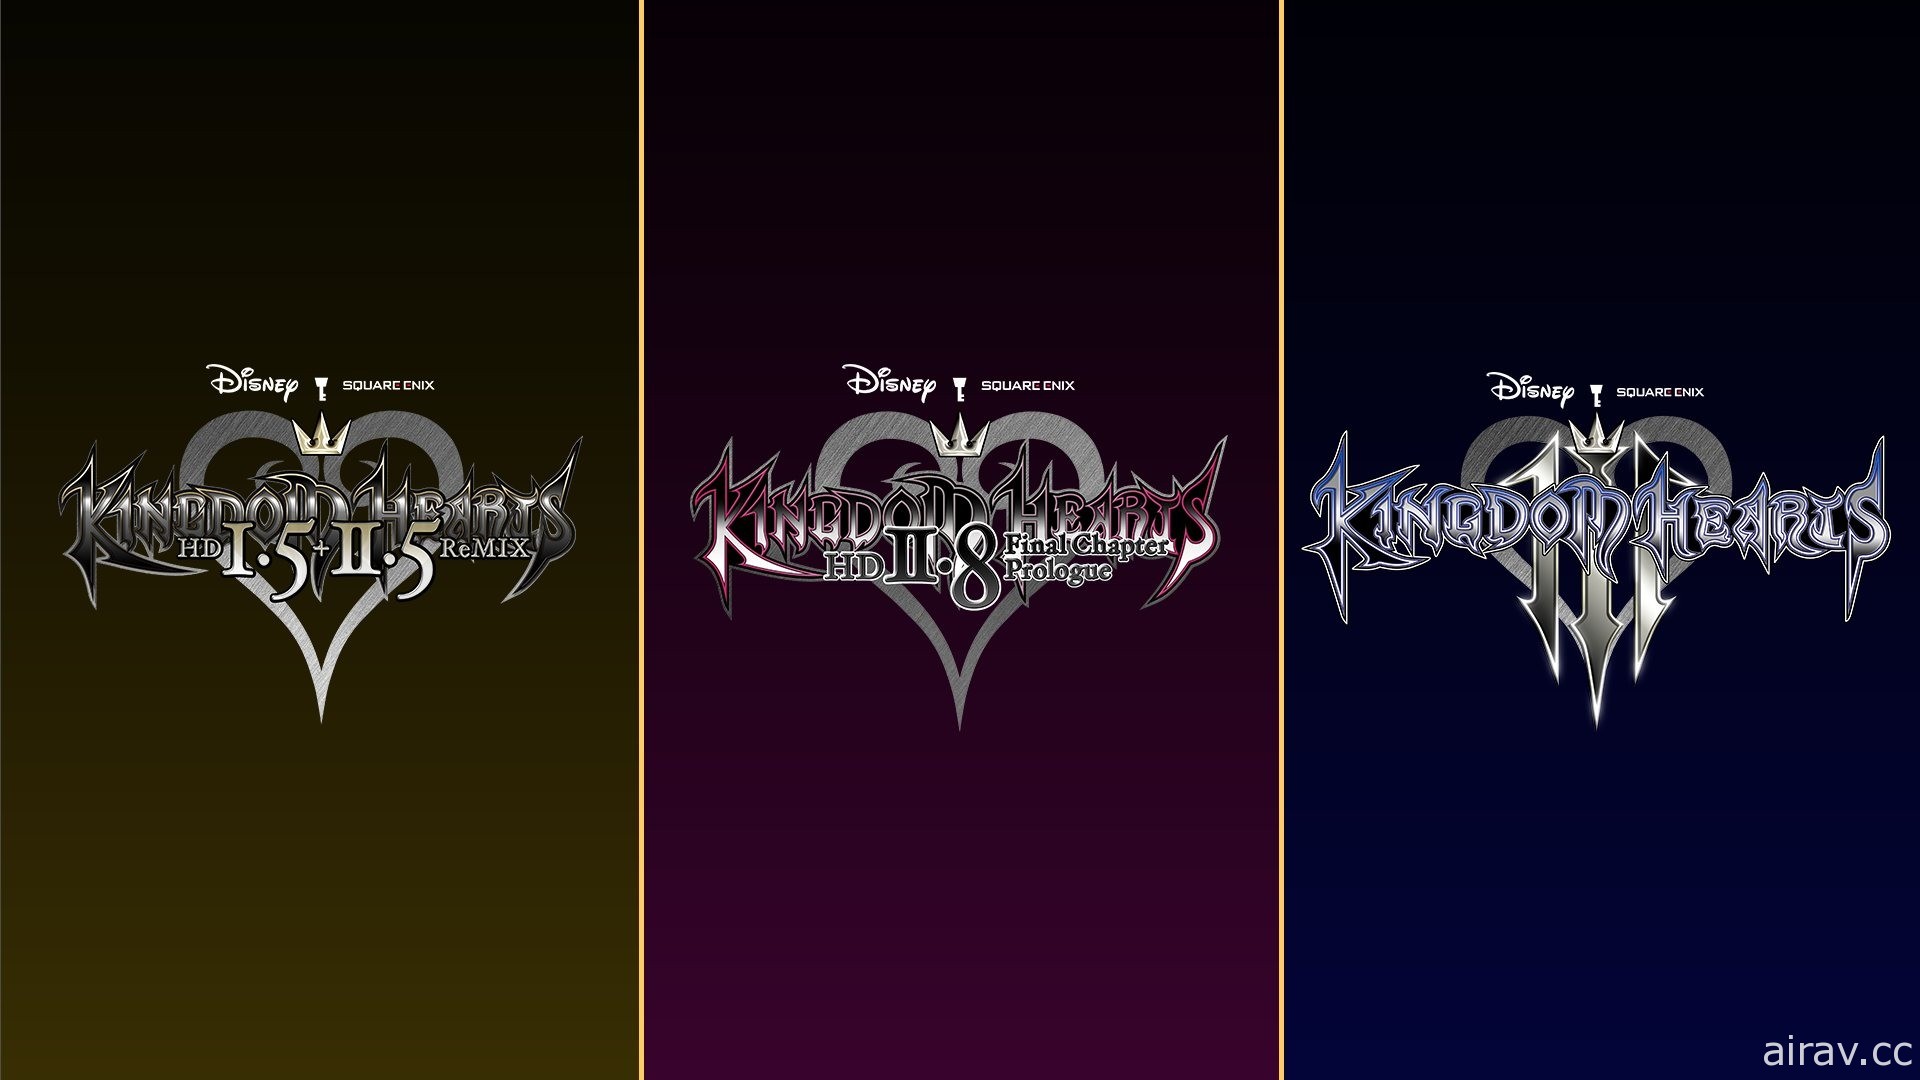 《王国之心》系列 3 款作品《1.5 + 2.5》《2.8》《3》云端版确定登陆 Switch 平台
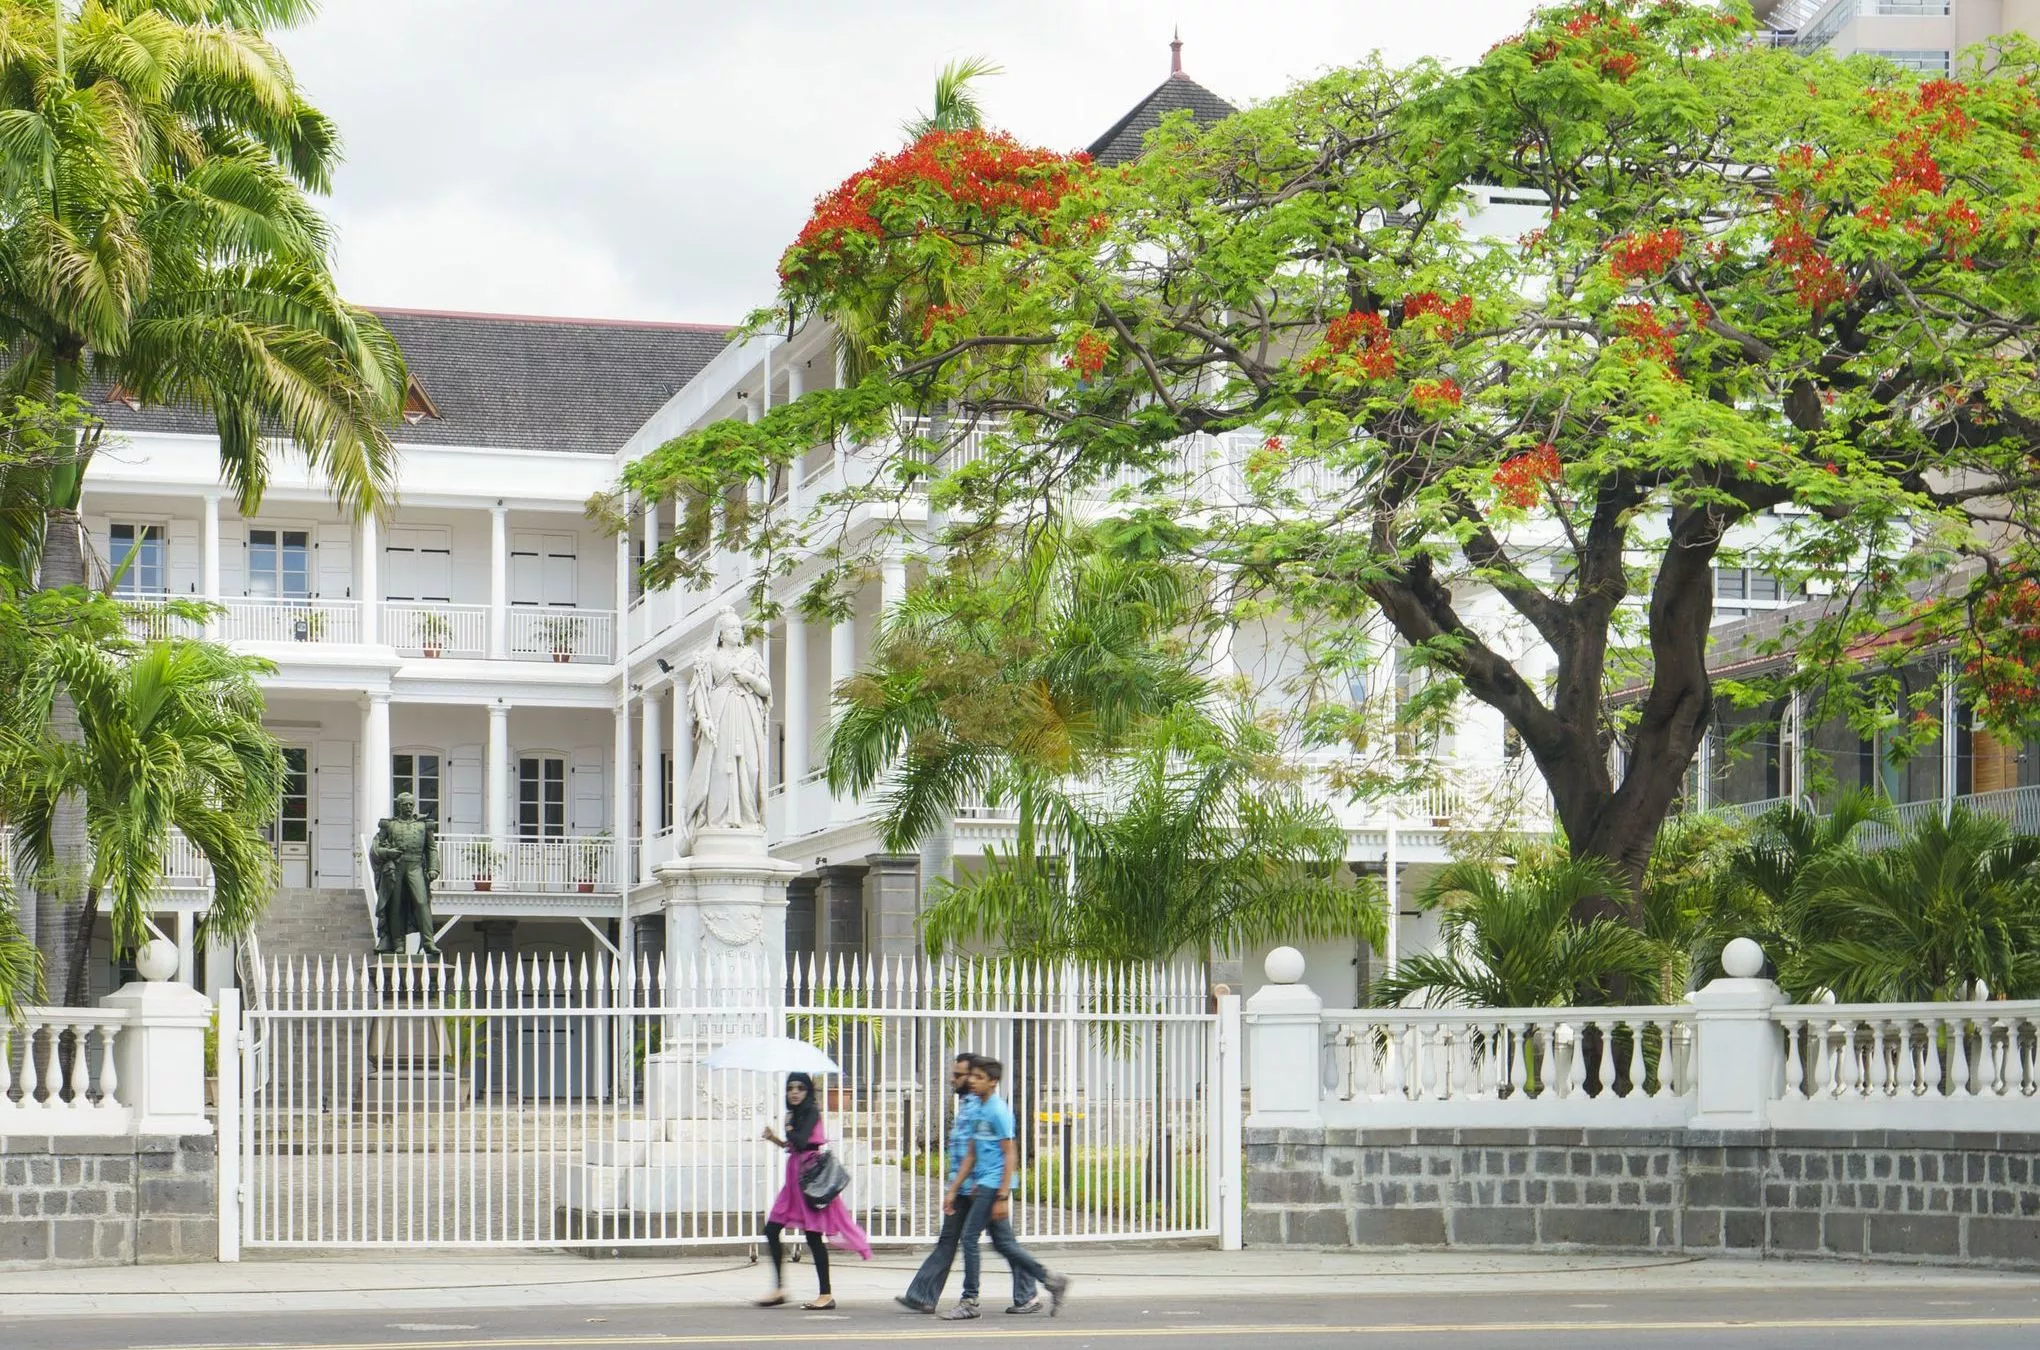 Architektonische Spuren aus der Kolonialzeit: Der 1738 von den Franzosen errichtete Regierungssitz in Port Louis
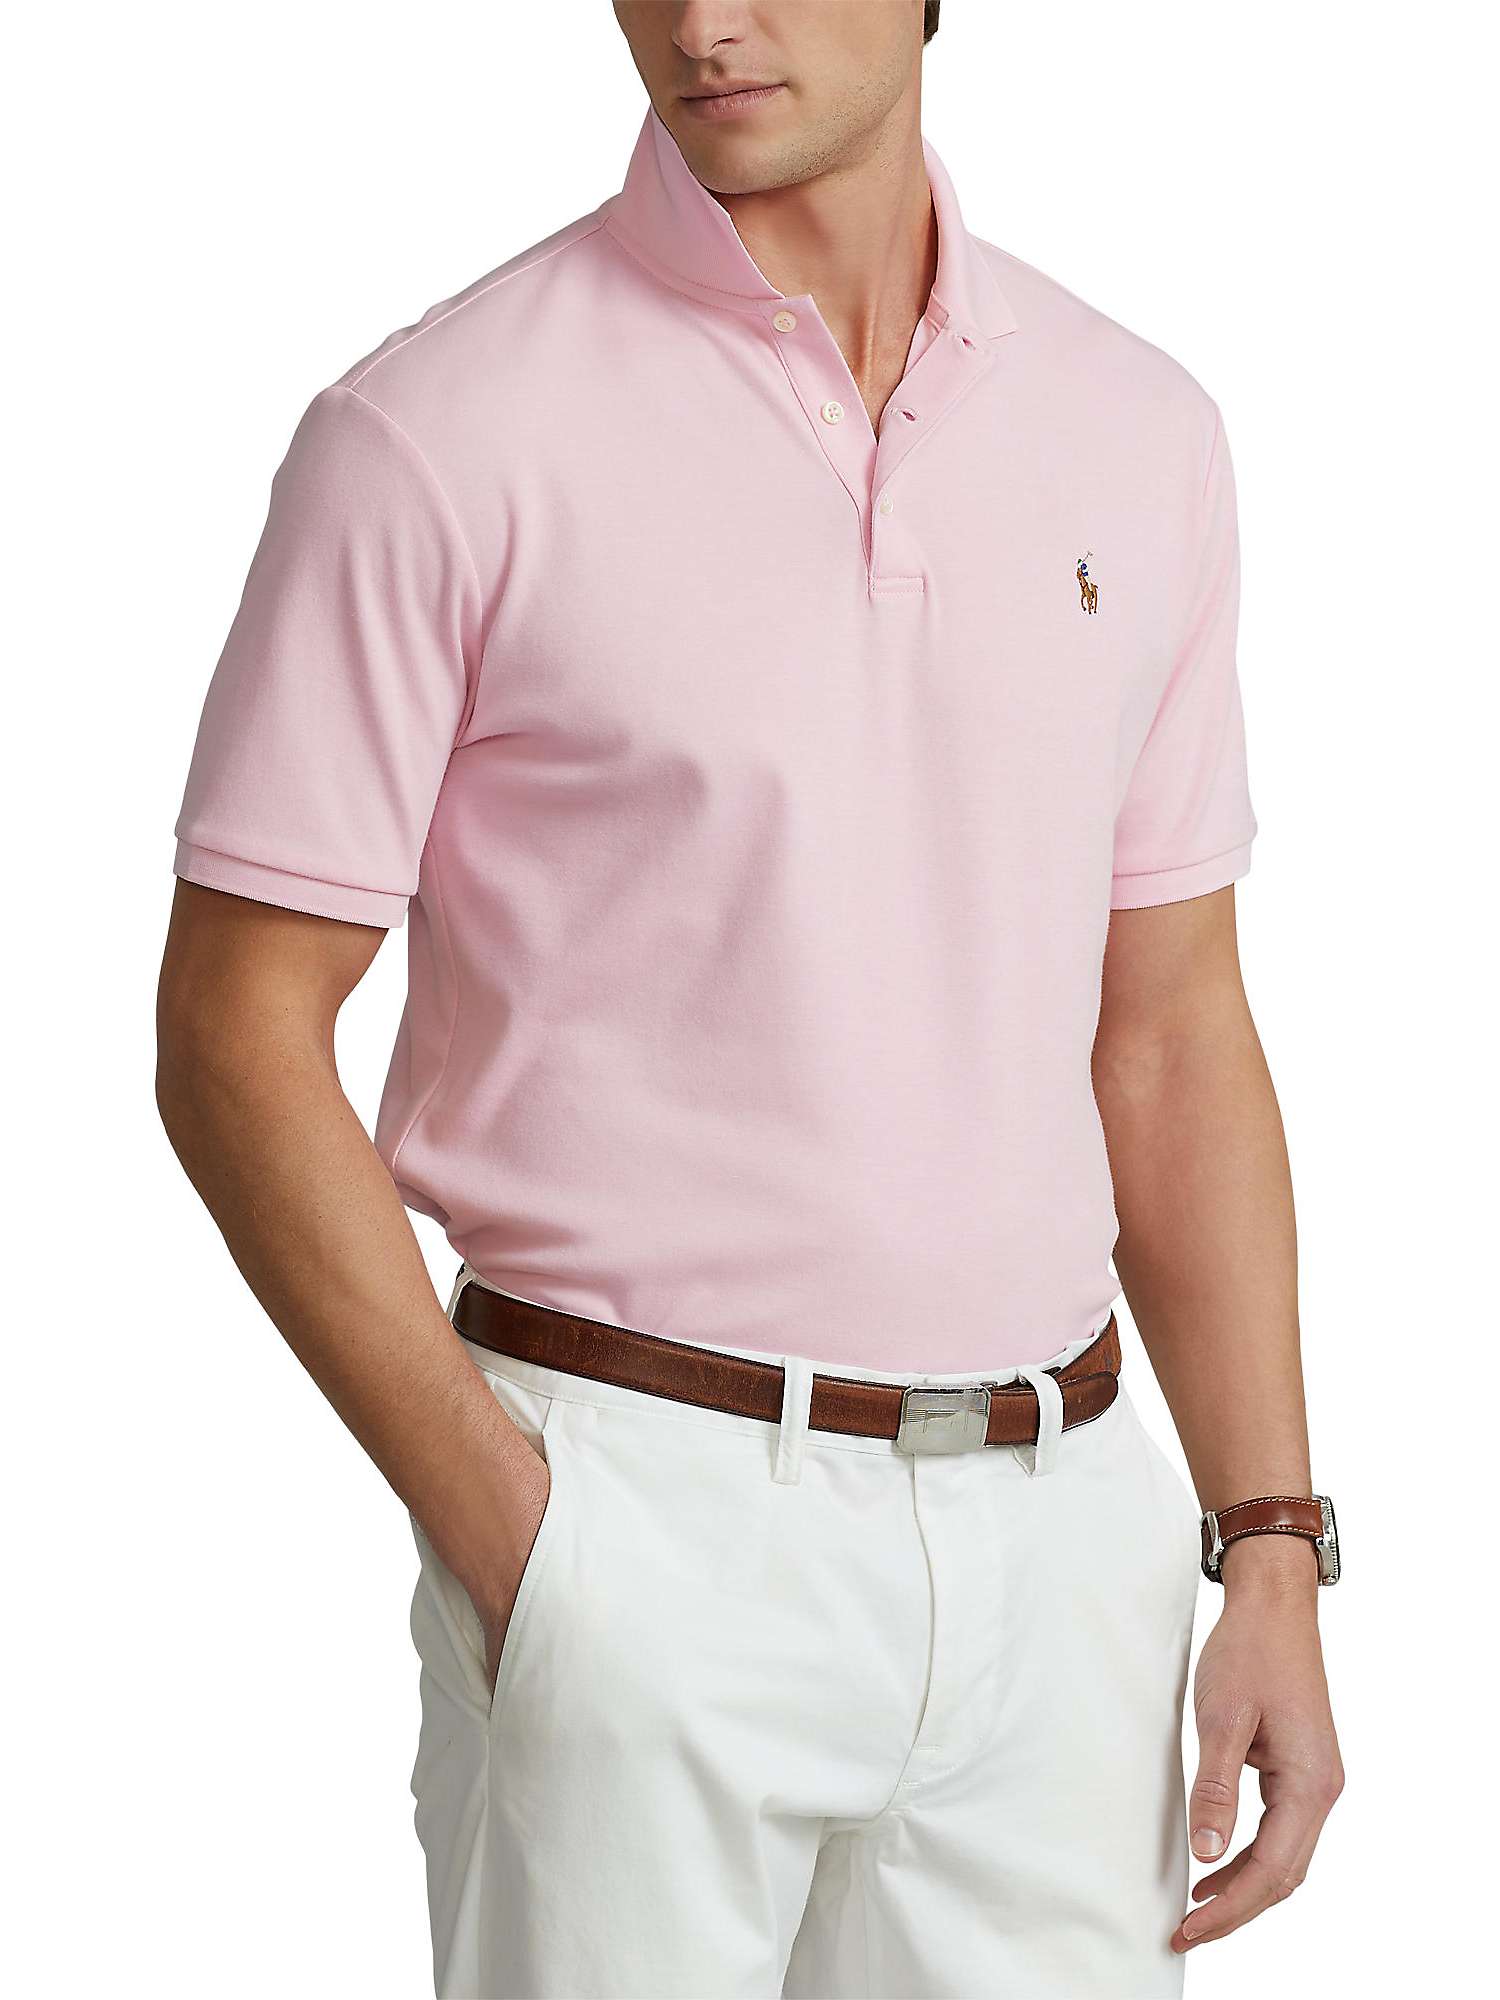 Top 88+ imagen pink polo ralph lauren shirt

_Problem details_
Print out the complete listing above exactly, dropping each image.

_Your solution_
 《王国之心》系列 3 款作品《1.5 + 2.5》《2.8》《3》云端版确定登陆 Switch 平台
 Architektonische Spuren aus der Kolonialzeit: Der 1738 von den Franzosen errichtete Regierungssitz in Port Louis
 Top 88+ imagen pink polo ralph lauren shirt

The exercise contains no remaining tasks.